▶ **DATA SECTION**:
—————

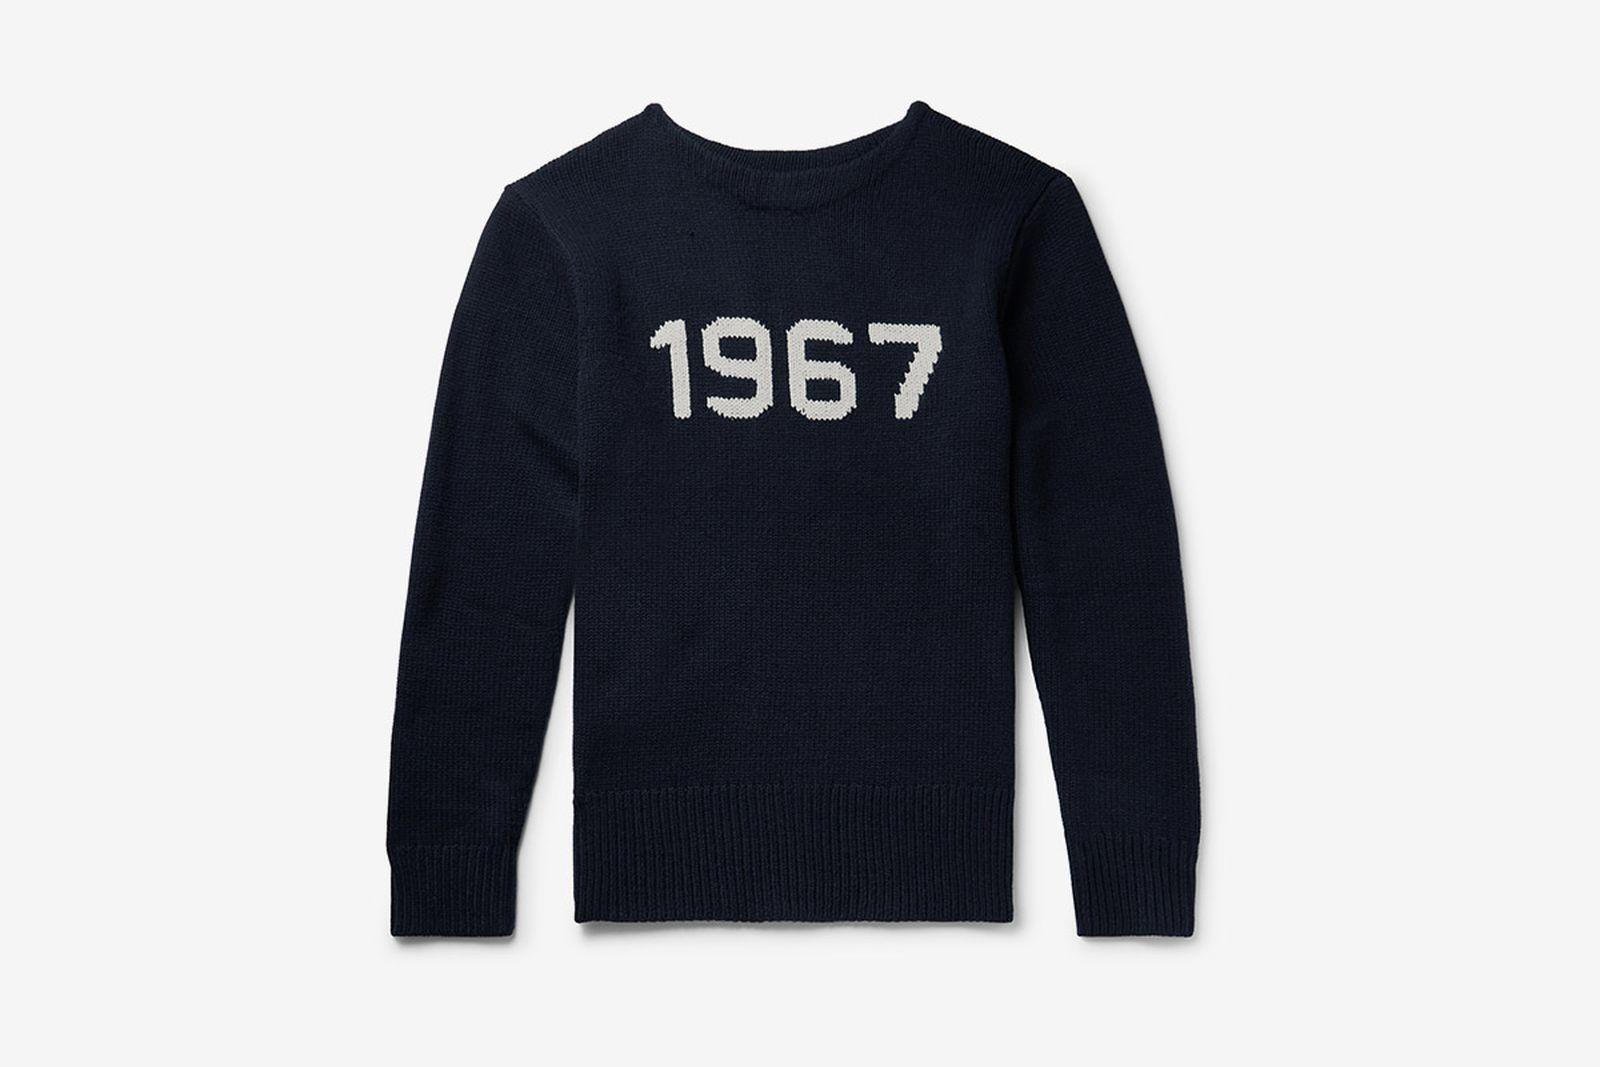 ralph lauren mr porter anniversary collection
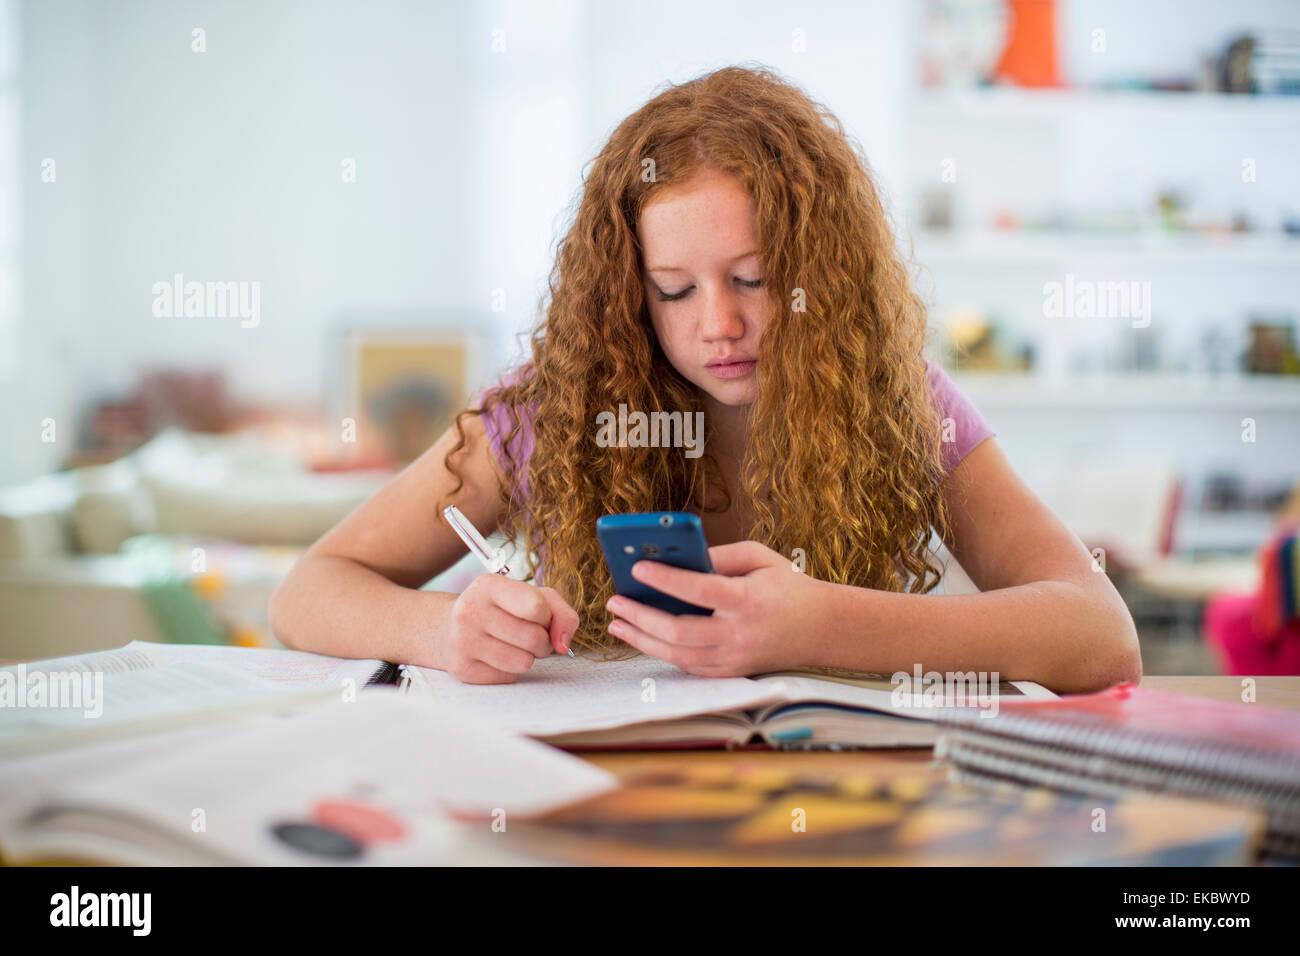 Teenage girl writing notes et using smartphone Photo Stock
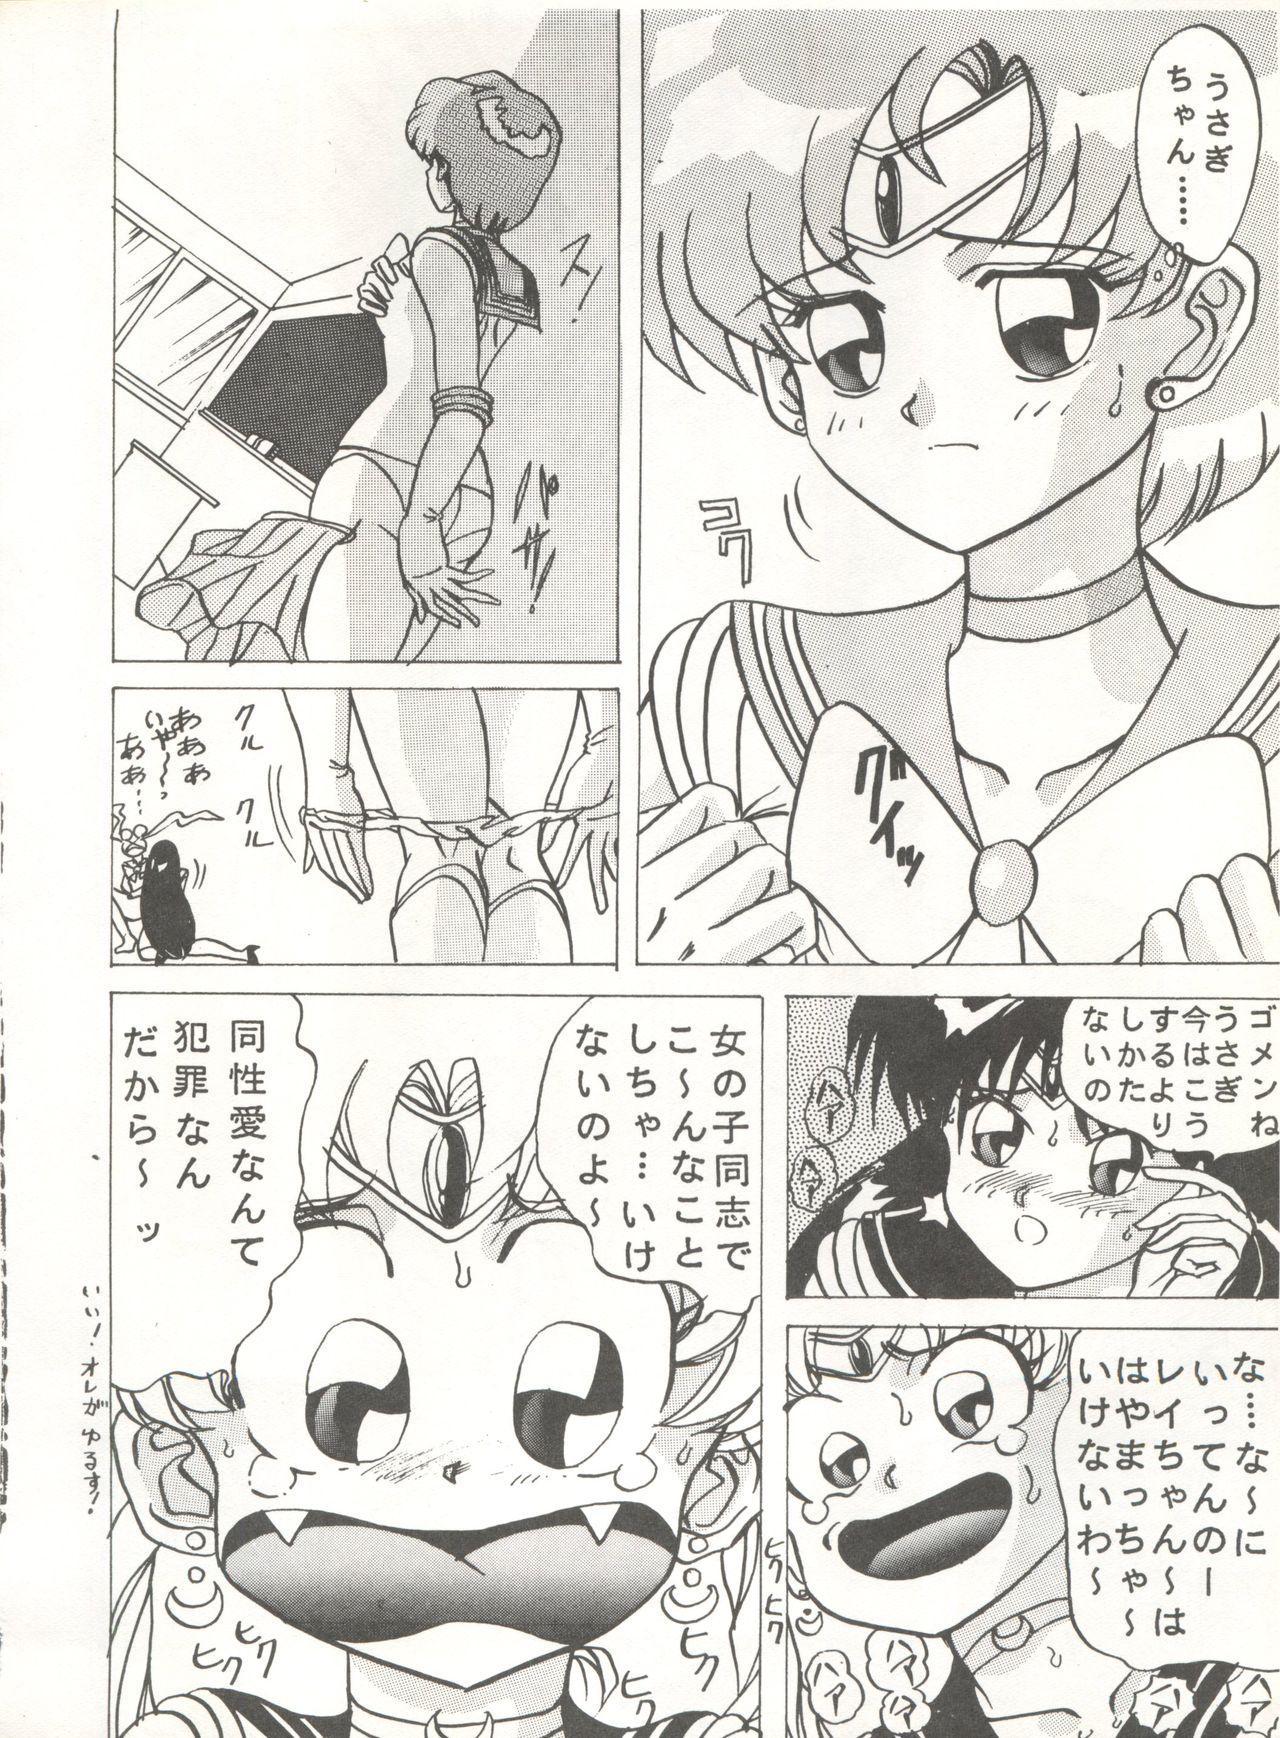 [Global One (MARO)] Sadistic 5 (Cutey Honey, Devilman, Sailor Moon), [Global One (MARO)] Sadistic (Dirty Pair, Fushigi no Umi no Nadia, Sailor Moon), [Studio Ikkatsumajin] .ribbon (Hime-chan's Ribbon) 47

—————

Would you retype exactly the lines running from the line that contains "Teenage girl writing" through the end of the listing above, both included? Skip every picture.

 Teenage girl writing notes et using smartphone Photo Stock
 [Global One (MARO)] Sadistic 5 (Cutey Honey, Devilman, Sailor Moon), [Global One (MARO)] Sadistic (Dirty Pair, Fushigi no Umi no Nadia, Sailor Moon), [Studio Ikkatsumajin] .ribbon (Hime-chan's Ribbon) 47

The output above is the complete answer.